Dagster uses an asset-centric model where pipelines are collections of data assets with built-in lineage and dependency tracking, written in Python with decorators and type annotations. Kestra uses a declarative YAML-based approach where workflows define tasks, dependencies, conditions, and triggers in a language-agnostic format. Dagster focuses on data asset management with versioning and partitioning as first-class concepts, while Kestra prioritizes universal orchestration across data, infrastructure, and AI workflows with 1,200+ plugins and support for business logic in any programming language.
Both platforms offer free open-source self-hosted editions under the Apache-2.0 license. For managed services, Dagster starts at $10/mo for its Solo Plan (7.5k credits, 1 user, 1 code location) and $100/mo for the Starter Plan (30k credits, up to 3 users, 5 code locations). Both include a 30-day free trial. Kestra offers a free tier for 1 user, with its Pro plan at $25/mo. Kestra's open-source edition includes unlimited executions and 1,200+ plugins, while Dagster's open-source version provides unlimited orchestration with its full Python framework and integrations.

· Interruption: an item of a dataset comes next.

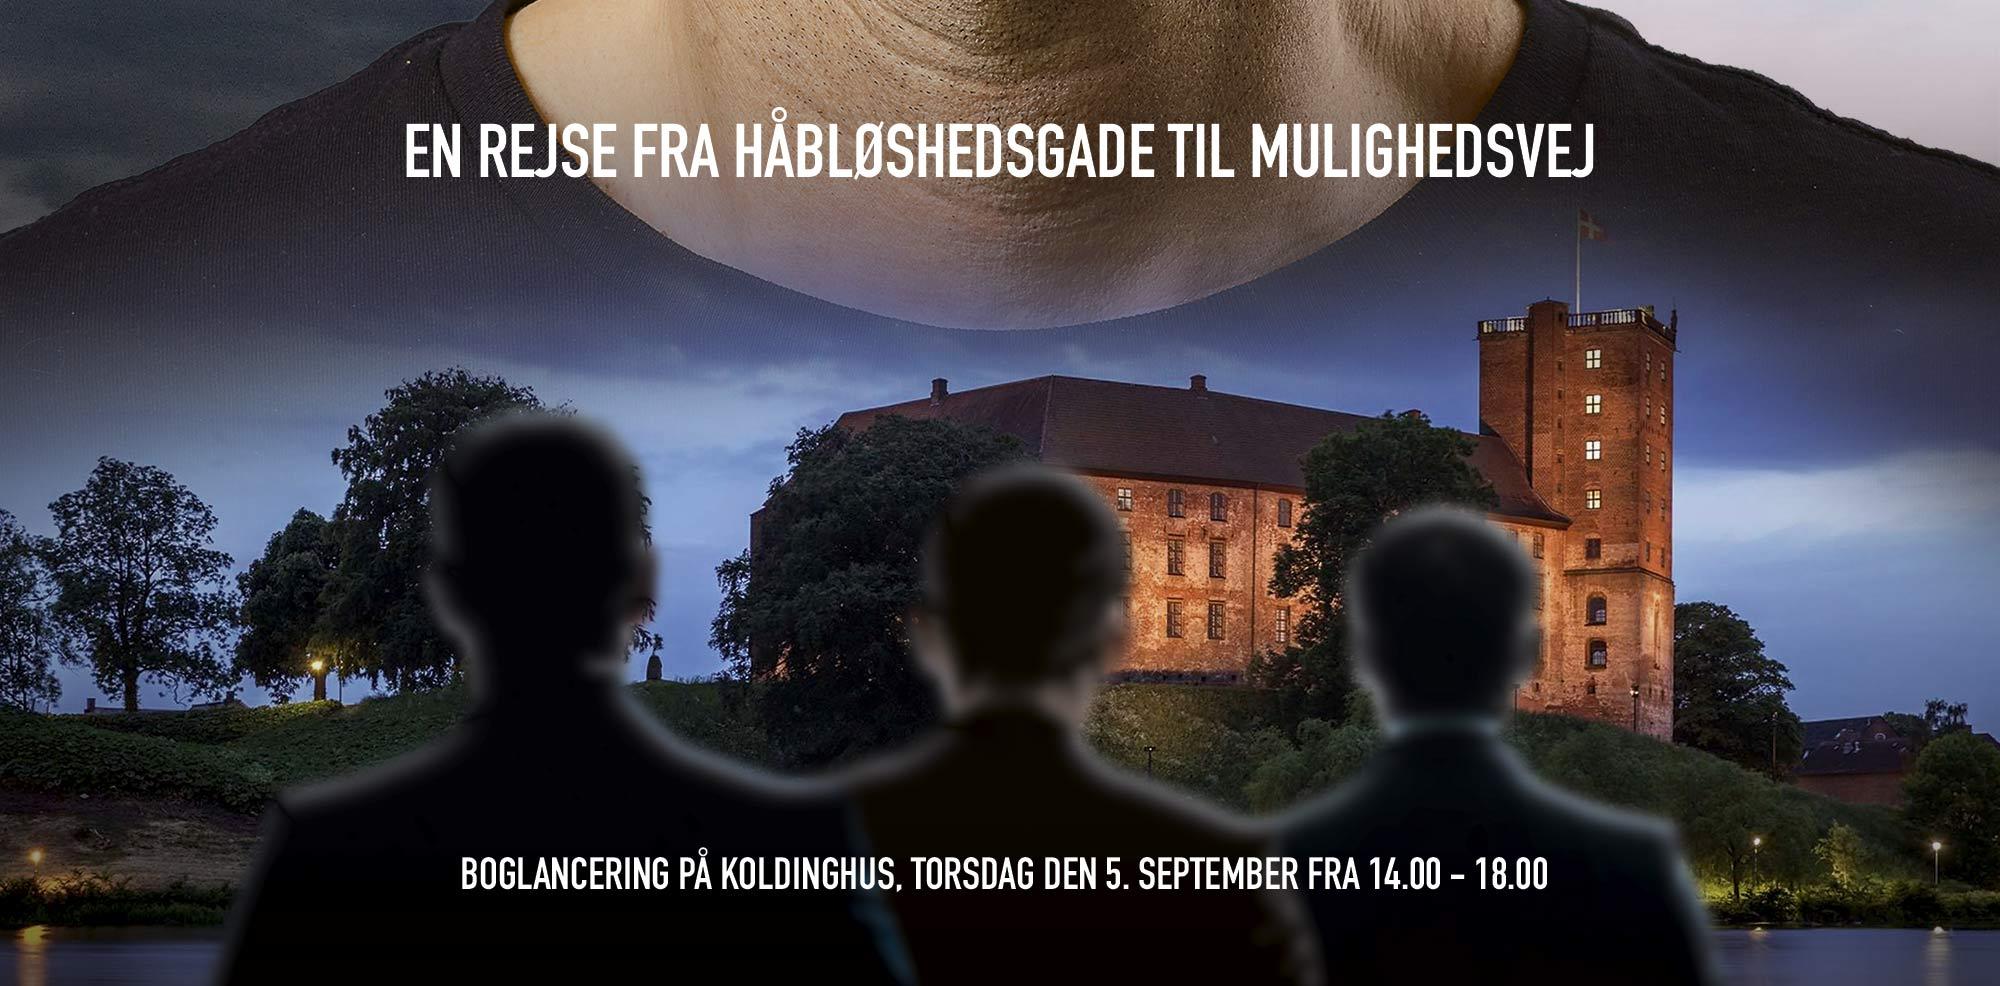 mortenbonde.dk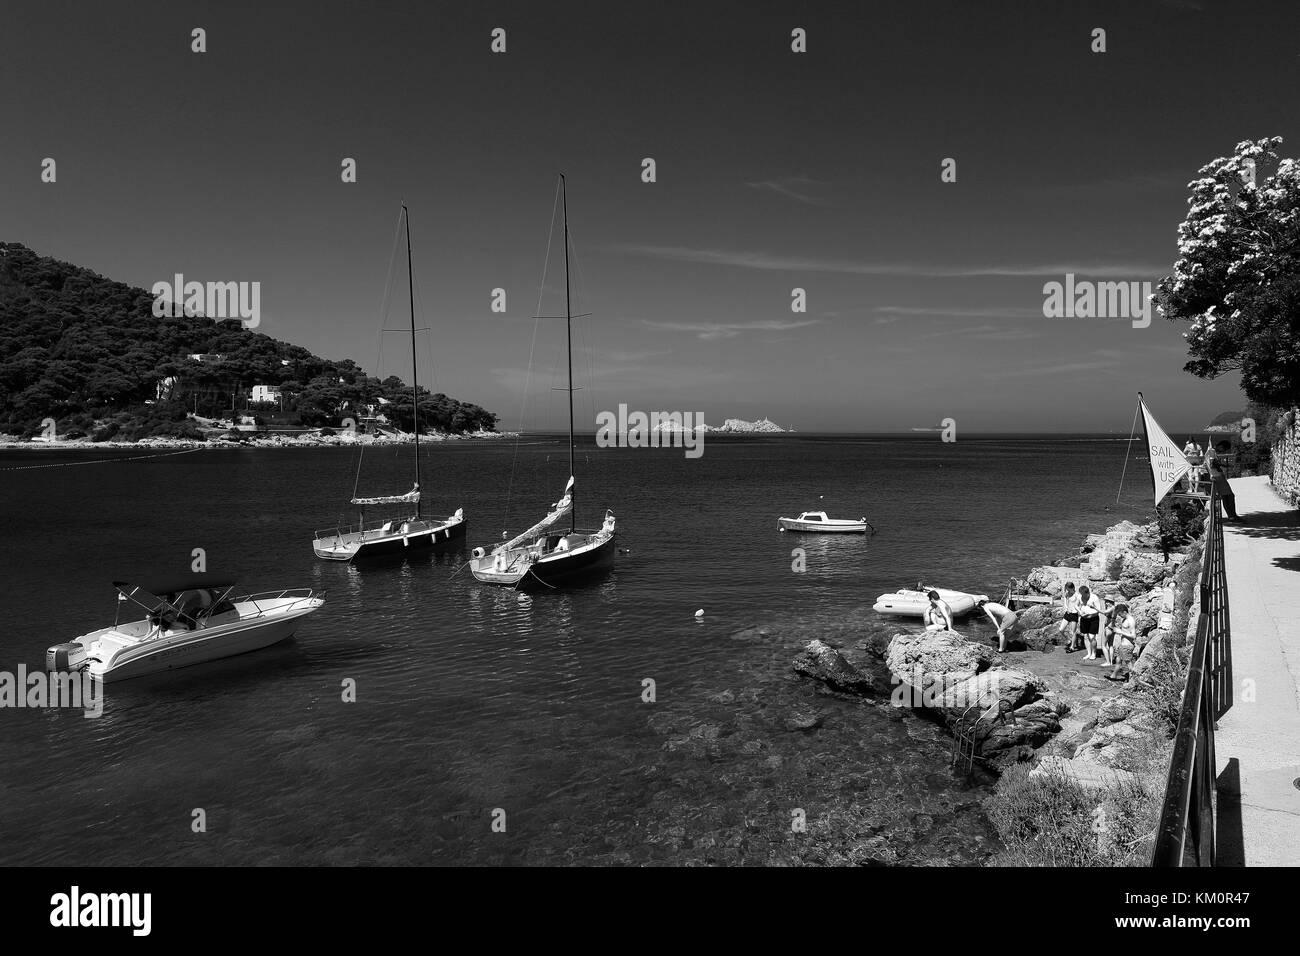 Summer view over Lapad Bay beach, Lapad town, Dubrovnik, Dalmatian coast, Adriatic Sea, Croatia, Europe. - Stock Image

Kestra leads in raw GitHub popularity with 26,720 stars compared to Dagster's 15,348 stars, and reports 120k deployments with over 1 billion workflows executed globally. Dagster has a mature Python ecosystem with native integrations for major data tools like Snowflake, BigQuery, dbt, and Databricks. Kestra offers a broader plugin ecosystem with 1,200+ plugins covering databases, cloud services, CI/CD tools, and infrastructure automation. Both are Apache-2.0 licensed and actively maintained, with Dagster's latest release at 1.13.1 and Kestra's at v1.3.11 as of April 2026.
Both platforms support AI and infrastructure workflows, but with different approaches. Dagster treats AI and ML workflows as extensions of its data asset model, supporting data prep, model training, and experiment tracking within its Python-native framework. Kestra positions itself as a universal orchestrator handling data pipelines, infrastructure automation (Terraform, Ansible), and AI workflows from a single platform. Kestra reports 50x less pipeline maintenance and 3x faster AI delivery cycles for AI automation use cases. Dagster offers Dagster Pipes for observability of jobs running in external systems like Databricks and Spark clusters.